The acquisition would increase AEM’s gold production from 1.7 million ounces per year (oz/y) to 3.4 million oz/y, making it the No. 3 gold producer behind Newmont and Barrick Gold. Upon closing, AEM is expected to have $2.3 billion of available liquidity, a mineral reserve base of 48 million ounces of gold, (969 million metric tons (mt) at 1.53 g/mt), and an extensive pipeline of development and exploration projects.

In a statement, the companies said the merger will establish the new Agnico Eagle as the gold industry’s highest-quality senior producer, with the lowest unit costs, highest margins, most favorable risk profile and industry-leading best practices in key areas of environmental, social and governance (ESG). The transaction will consolidate operations within the Abitibi-Greenstone Belt of northeastern Ontario and northwestern Quebec. The combined portfolio will also include gold production from Nunavut in Canada, as well as at Fosterville in Victoria, Australia, Kittila in the Lapland region of northern Finland, and Pinos Altos and La India in northern Mexico.

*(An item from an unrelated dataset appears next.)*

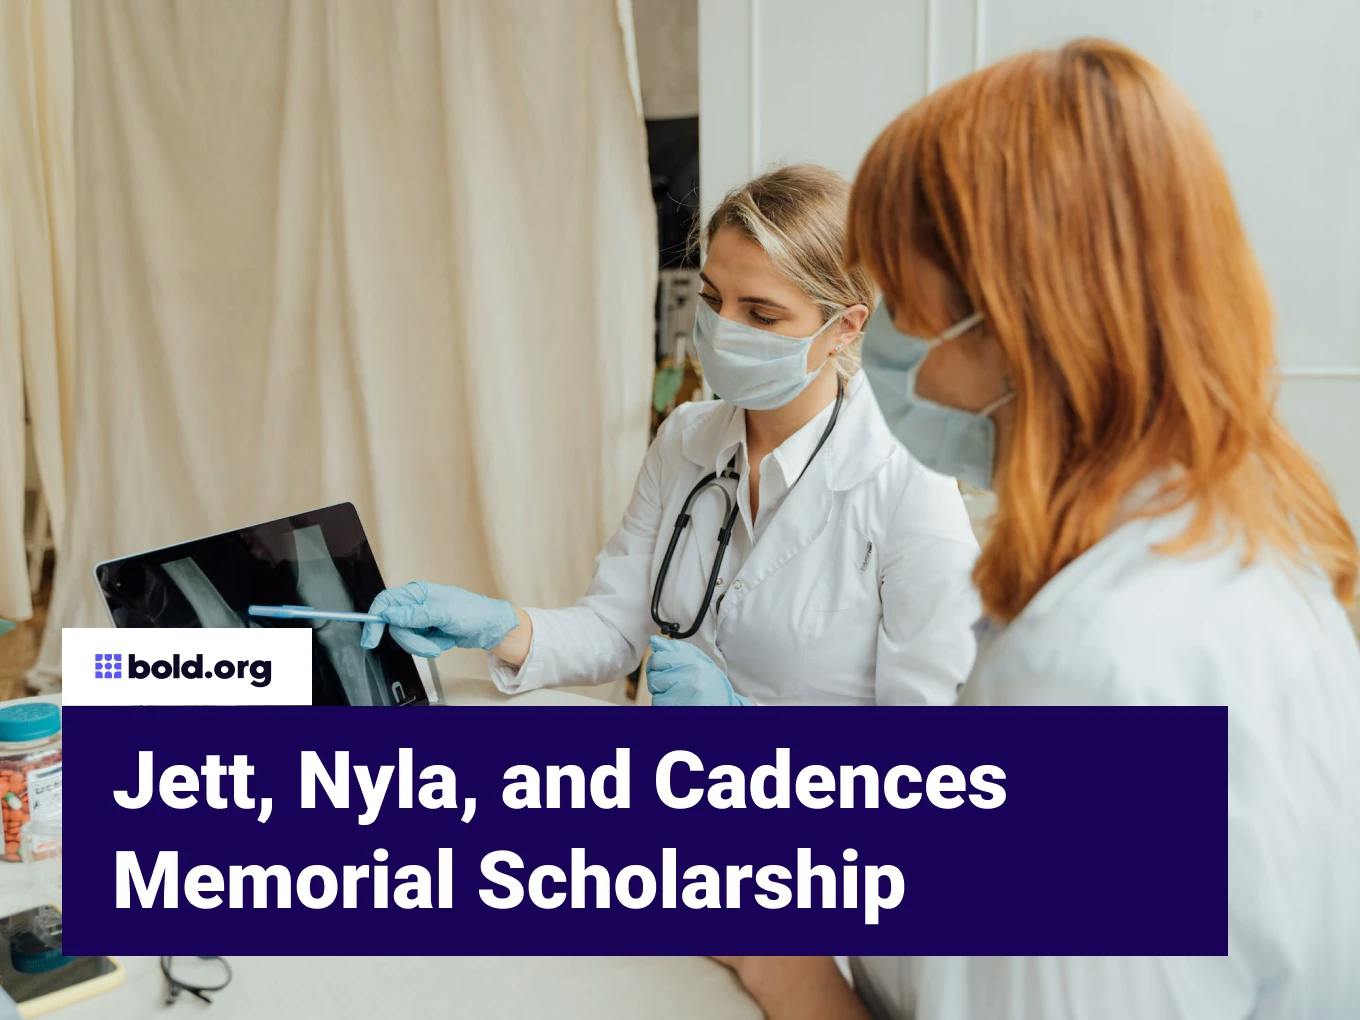 Jett, Nyla, and Cadences Memorial Scholarship
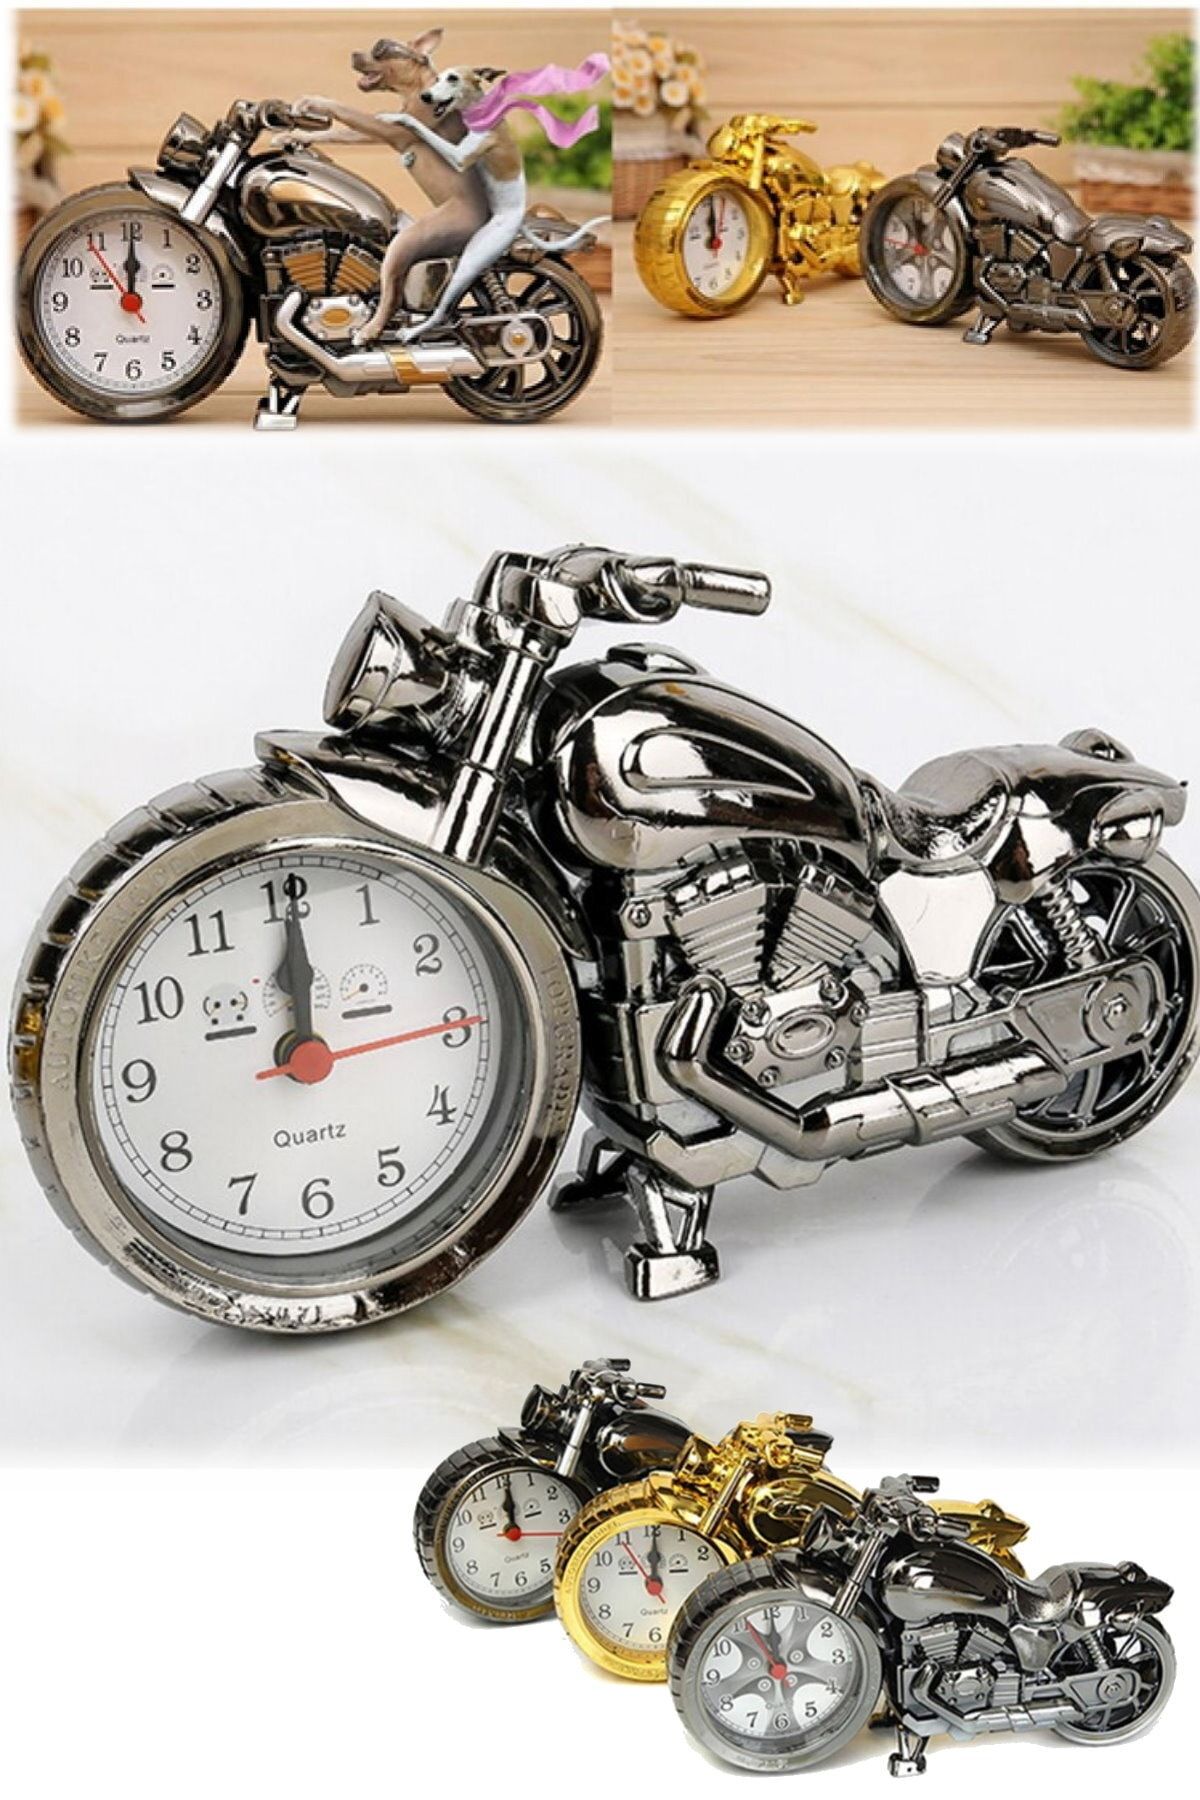 Utelips Retro Yaratıcı Biblo Ve Saat Şık Tasarım Kaliteli Dekoratif Chopper Masaüstü Saat

Under the merger agreement, which the board of directors of both companies have unanimously approved, the new AEM will be led by a combined board and management team. The new AEM’s board would consist of 13 directors with seven from AEM and six for KLG. AEM CEO Sean Boyd would become chairman. KLG CEO Tony Makuch would become CEO.

The transaction is expected to close in December 2021 or in the first quarter of 2022.

“This merger starts a new chapter in Agnico Eagle’s 64-year history and creates the leading low-risk global gold company with growing production, low costs and strong ESG leadership,” Boyd said. “The transaction creates a company with a strong platform of people, assets and financial resources to continue to build and operate a long term sustainable and self-funding business. Over time, we believe that the gold industry will continue to evolve and consolidate and with this transaction we are well positioned to take advantage of high-quality opportunities and be a true Canadian mining champion.”

Makuch said both companies will benefit from the financial strength of the merged company, “the extensive pipeline of development and exploration projects to drive future growth, and the potential to realize significant operational and strategic synergies along the Abitibi-Kirkland Lake corridor.”

The merger is also subject to closing conditions customary in transactions of this nature and it includes reciprocal non-solicitation provisions, a reciprocal $450 million termination fee and a $20 million expense reimbursement payable in certain circumstances. The two companies have agreed to use commercially reasonable efforts to complete the merger on or before March 31, 2022.